Following up on last week’s incursions of hippo into swimming pools in Limpopo and just generally into Cape Town, Essex over in the UK decided not to be outdone and has allegedly got a lion on the loose.
As Sky News reports:
The sighting is believed to be genuine after experts at Colchester Zoo viewed a photograph of the ‘lion’ taken by a local.
But quote of the moment has to go to Che Kevlin:
Che Kevlin said he heard what he believed to be a roar whilst out walking his dog on Sunday night.
“It sounded like the roar of a lion. We have a field and wood just behind our fence, so you never know.”
I didn’t hear many roars when I lived in the UK, but when I did, I automatically assumed that there was a lion in the field and wood behind my house.
Authorities are asking Essex residents to check their swimming pools for the presence of African wildlife and also to report any suddenly missing pets.

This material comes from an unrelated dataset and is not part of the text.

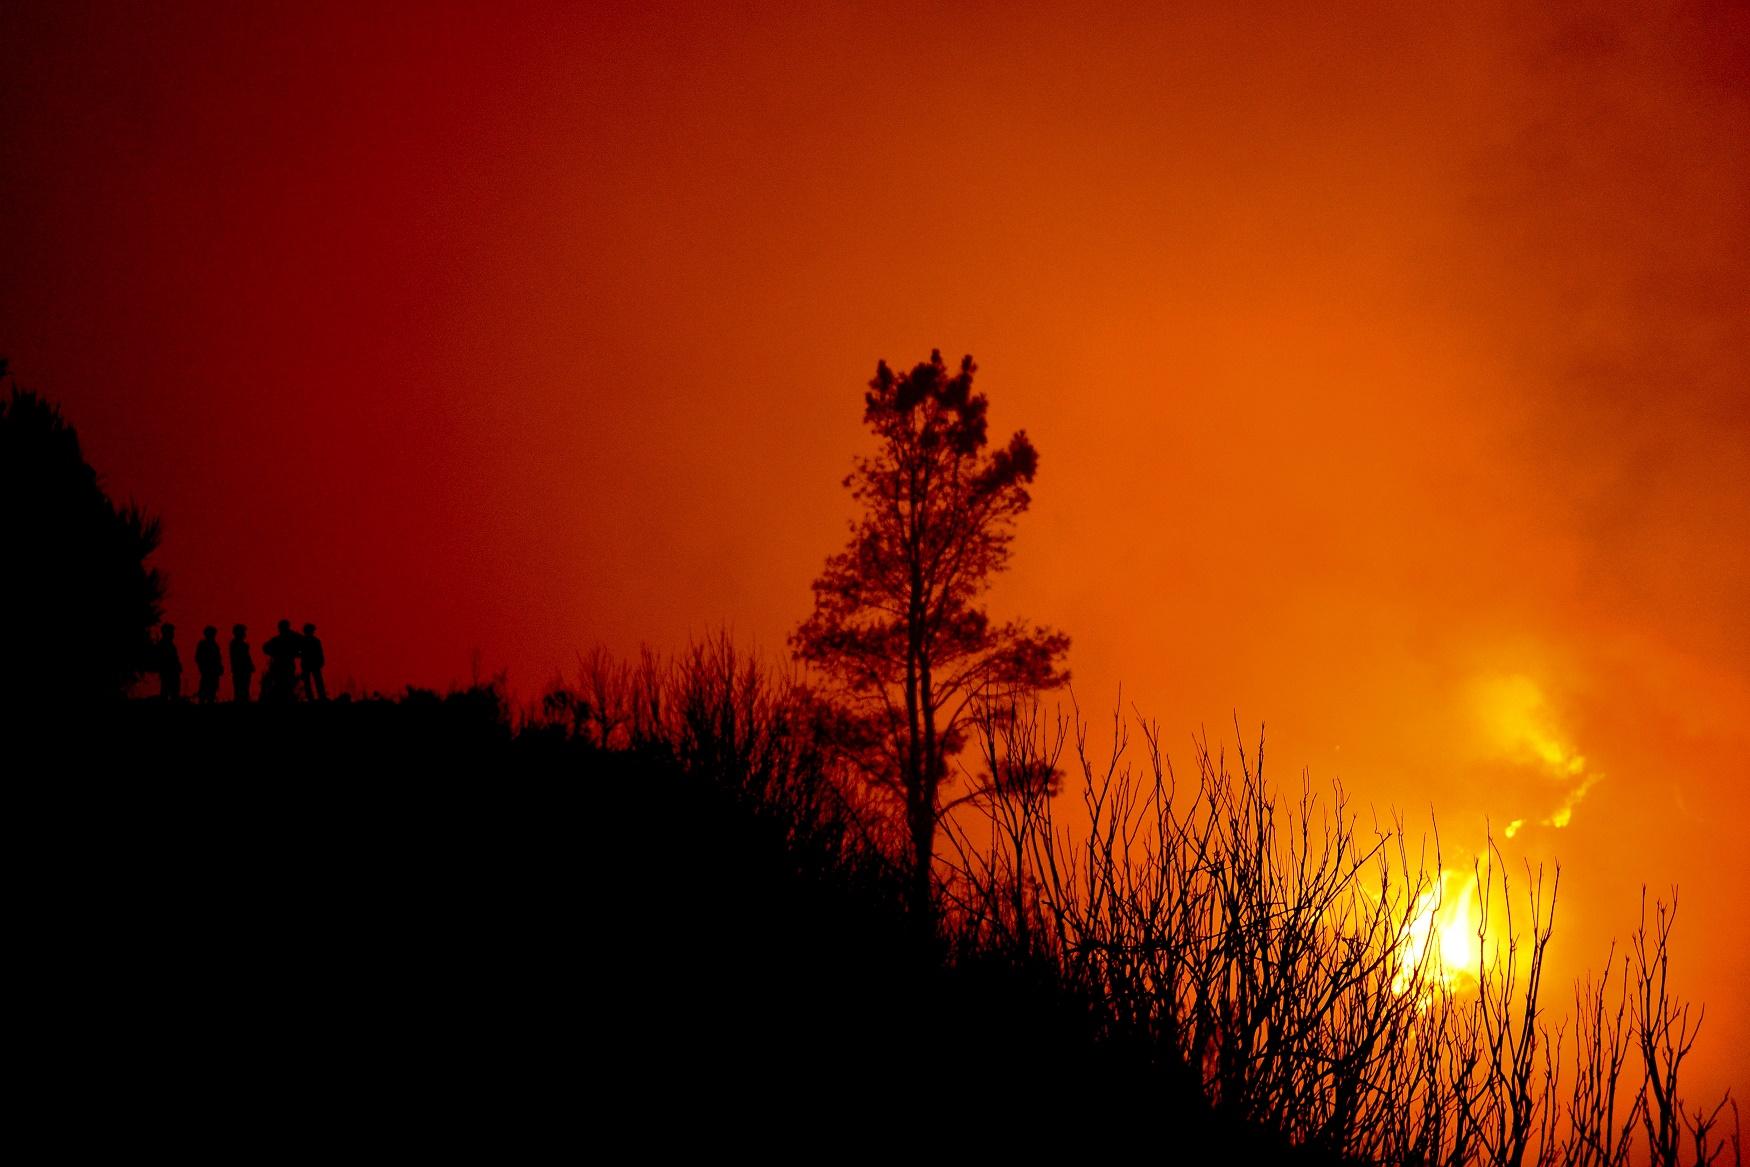 Incêndio na Ilha da Madeira, em agosto de 2016. Ano em que Portugal assumiu a liderança no ranking de queimadas na Europa. Foto de Patrícia de Melo Moreira/AFP

UPDATE: As Essex Police call off the search for the “lion”
The numerous sightings were probably of a ‘large domestic cat’
There are a couple of people who disagree. Vehemently.
Rich Baker, 39, was walking with his two boys, aged nine and 11 when the drama unfolded.
He said: ‘A man started running towards us yelling “It’s a f****** lion!”
He looked so panicked you knew it was not a joke. The lion you could see it from the side.
“It was one million per cent a lion. It was a tan colour with a big mane, it was fully grown, it was definitely a lion. It was just standing there, it seemed to be enjoying itself.”
Hang on, what?
“It seemed to be enjoying itself”?
How did you work that out, Rich? Was it smiling then? Or doing that kind of smug grin thing that fully grown lions do when they’re just standing there enjoying themselves? Are you really some sort of veterinary psychologist or were you just passing idle comment about the lion’s emotional state?
The Daily Mail (sorry) article also quotes ‘Mrs Wright, a housewife and a mother of three, from Dagenham, Essex’:
The moment I saw it, straight away I said ‘That looks like a lioness”
Which is interesting, as lionesses obviously don’t have manes; not like the beast Rich Baker saw.
All of which leads me to believe that there may be two large domestic cats currently roaming Essex and terrifying the local population.